The cache key: URL path + an explicit whitelist of query params; decide which cookies/headers (if any) are part of it. Invalidation is a PURGE/invalidation API call or (preferably) a URL version bump. Versioned URLs sidestep the purge-propagation race entirely.

Choosing a provider

Default to the generic recipe above. If the user names a cloud, read references/providers/<provider>.md for the managed-service mapping, quotas/limits, and provider-specific trade-offs. If no file exists for that provider, the generic recipe is the answer.

Diagram

To visualize the edge → shield → origin pull path (and the dashed cold-miss arrow, plus geo-routing from clients to the nearest PoP), use the in-plugin architecture-diagram skill.
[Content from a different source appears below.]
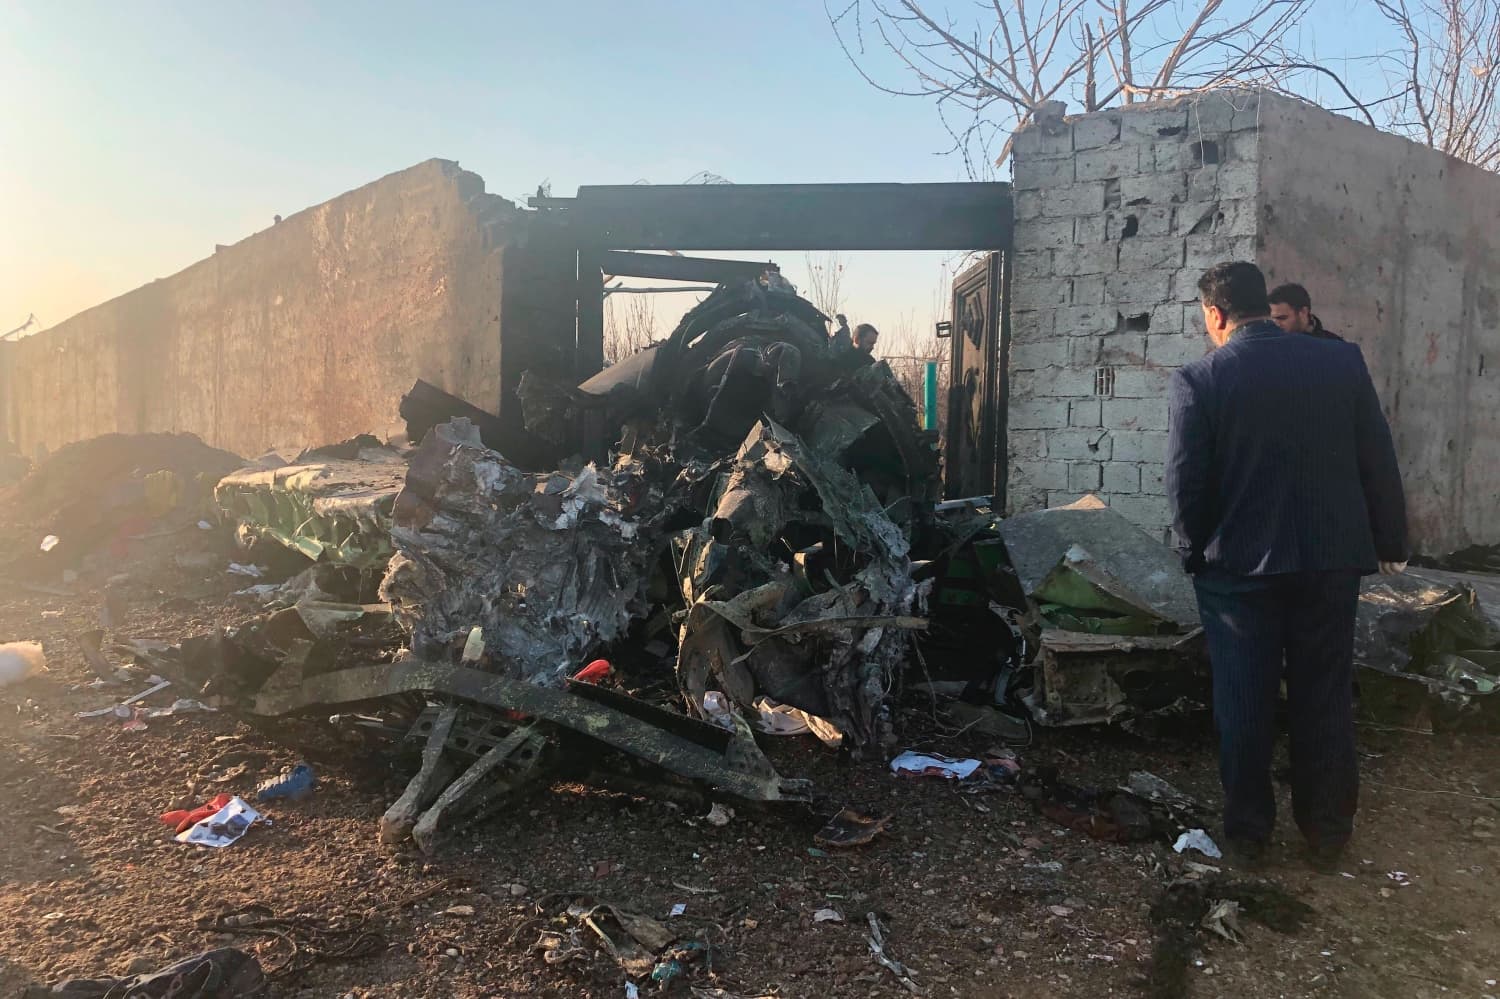 Jordániai sajtóértesülés szerint az iráni légvédelem lőtte le az ukrán gépet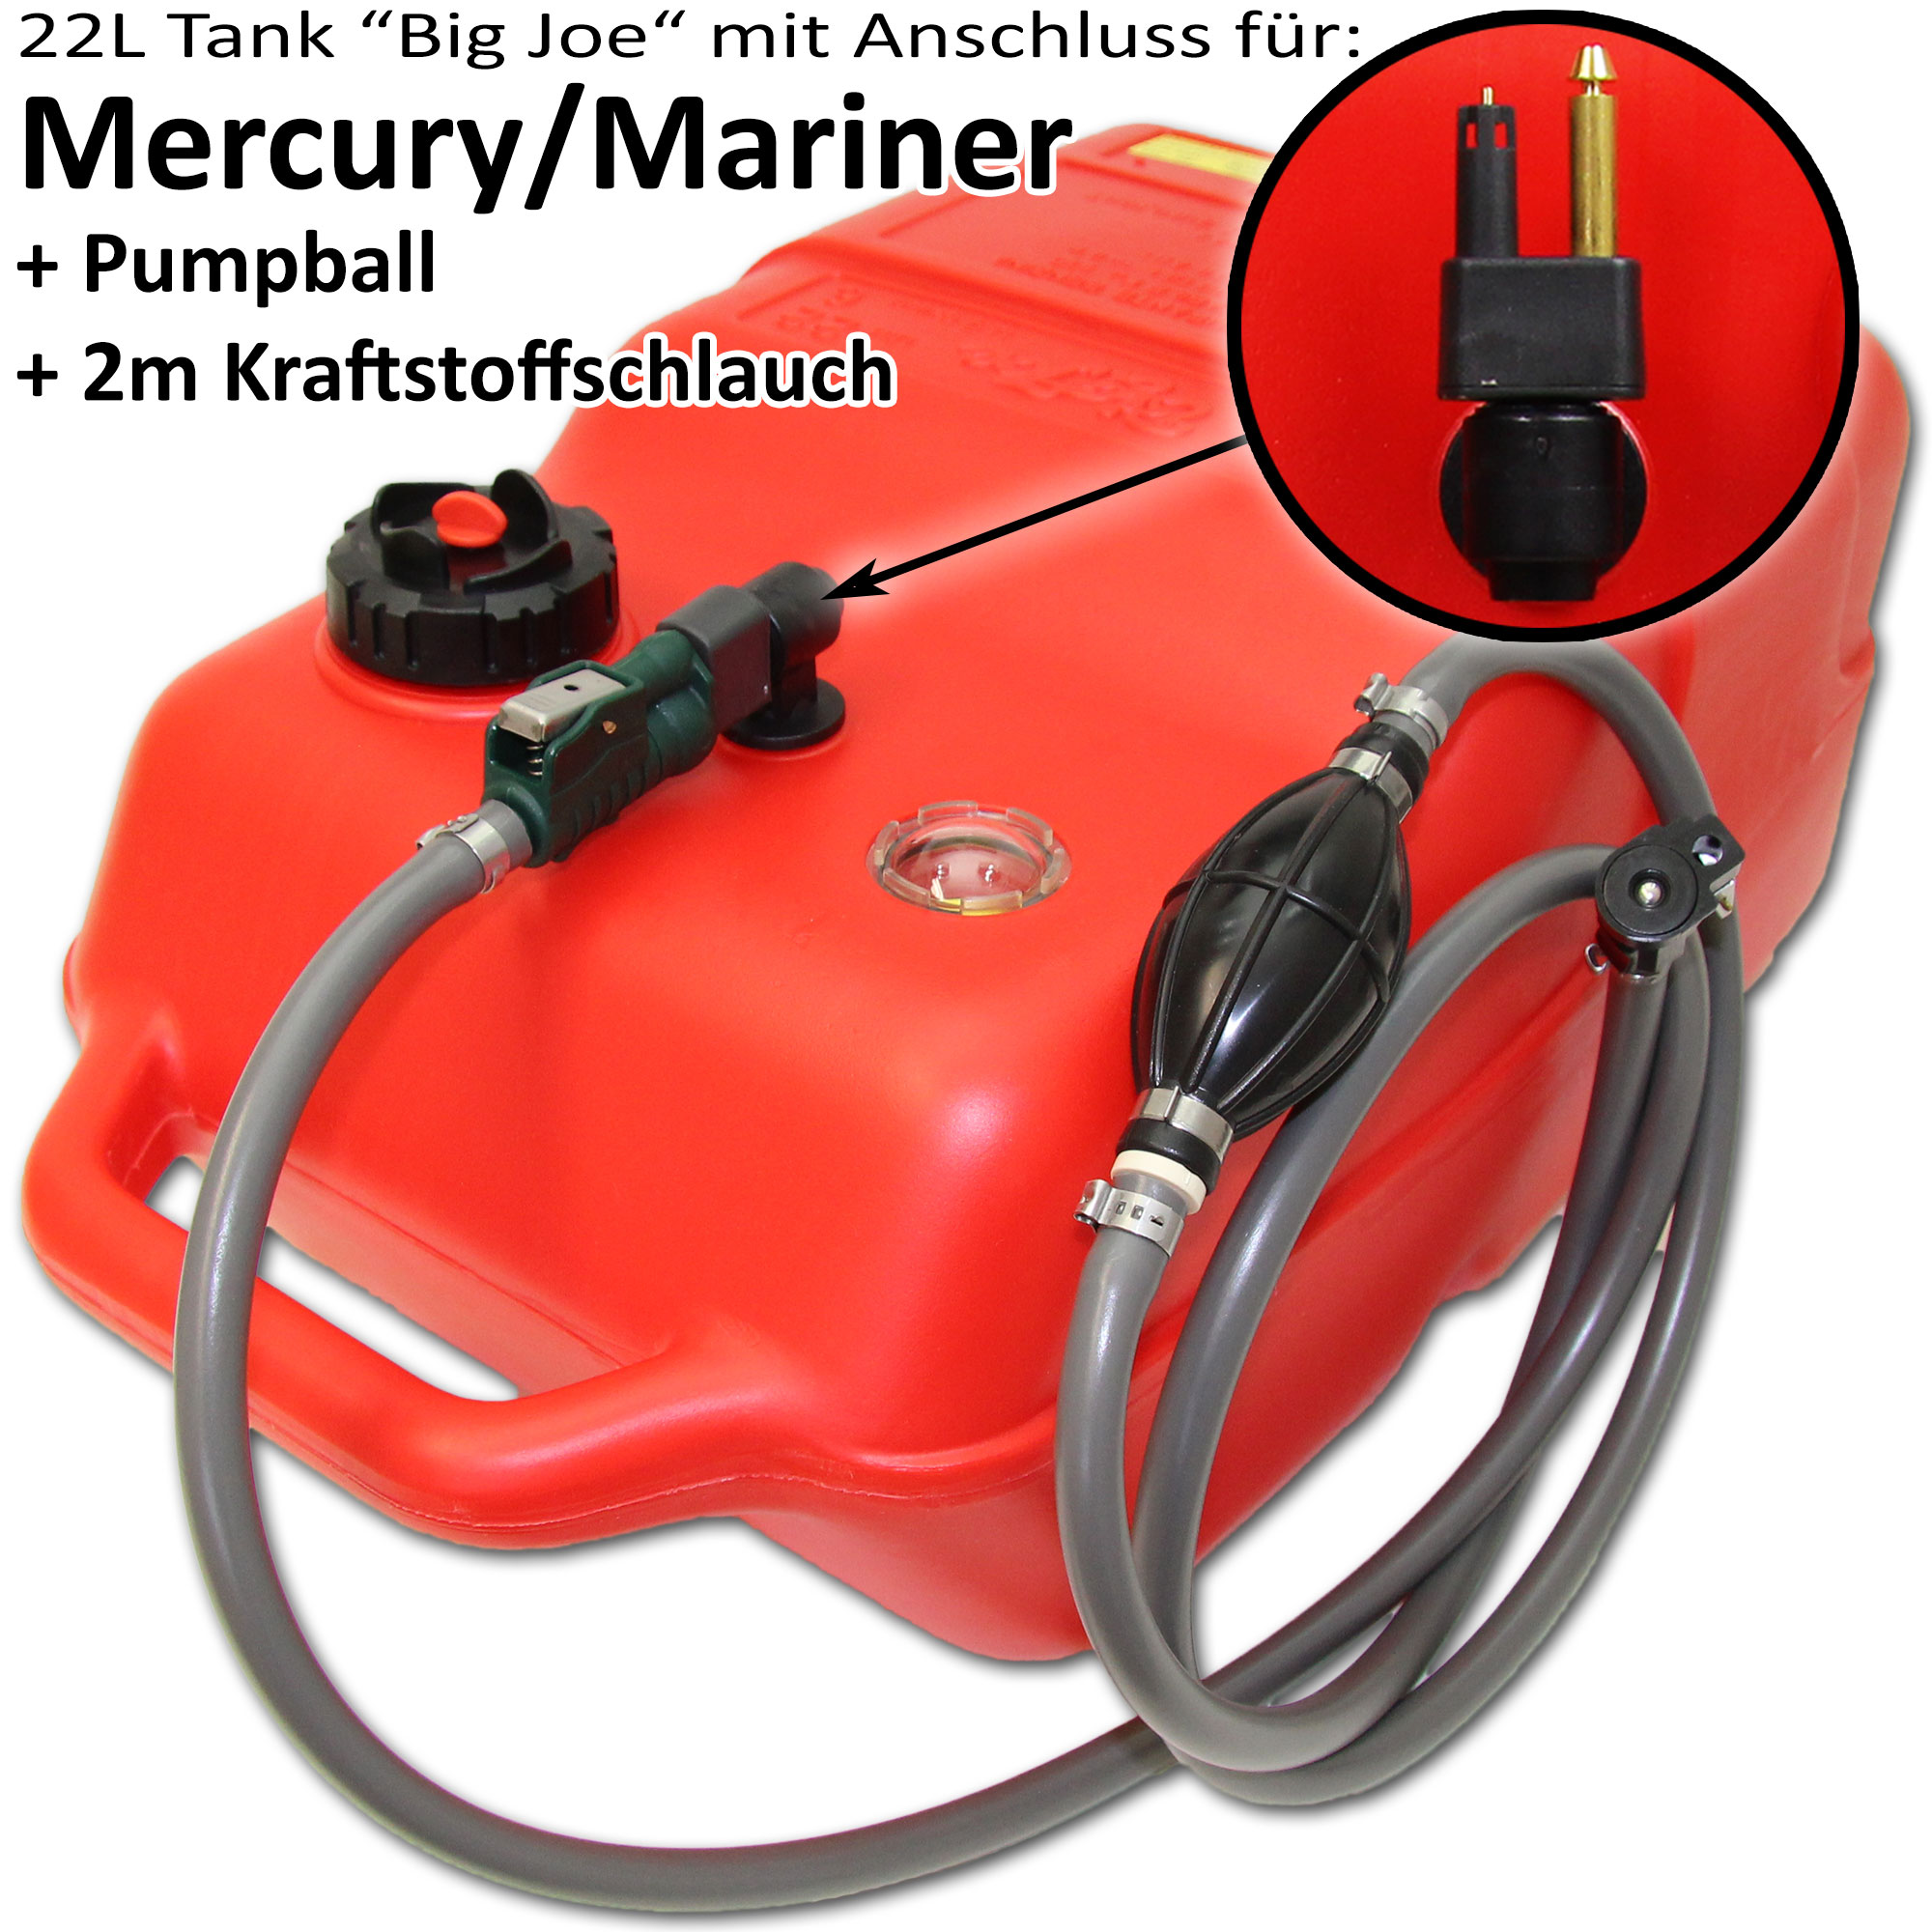 Kraftstofftank rot mit Mercury & Mariner Anschluss / 2m Schlauch / Füllstandsanzeige manuell

Sketch the edge nodes in the cache color and the origin in its store color; do not embed Mermaid here.

Related building blocks

caching — owned-concept lives in: invalidation, eviction, TTL, and thundering-herd theory live there; the CDN is the edge tier above the app/distributed cache and alternative to origin reads for static/media.
load-balancing — owned-concept lives in: the geo/anycast routing and origin health checks that send users to the nearest edge.
back-of-the-envelope — feeds into this: supplies the egress, offload %, and latency-payoff numbers that justify a CDN.
data-storage — depends on: the object store that is usually the CDN's origin.
consistency-coordination — alternative to this for data that cannot tolerate any staleness window (serve from origin, not a TTL-based edge).
system-design — pairs with (back-link): the orchestrator that routes here when a design serves static/media at geographic scale.

References

references/deep-dive.md — cache-key normalization, Cache-Control directive semantics, push vs pull mechanics, origin shield / tiered topology, invalidation vs versioning races, multi-CDN, and media-specific delivery (segmented HLS/DASH, range requests, signed URLs). Read when designing the edge layer in detail.
references/providers/{generic,aws,azure,gcp}.md — service mappings, limits, and pitfalls per environment.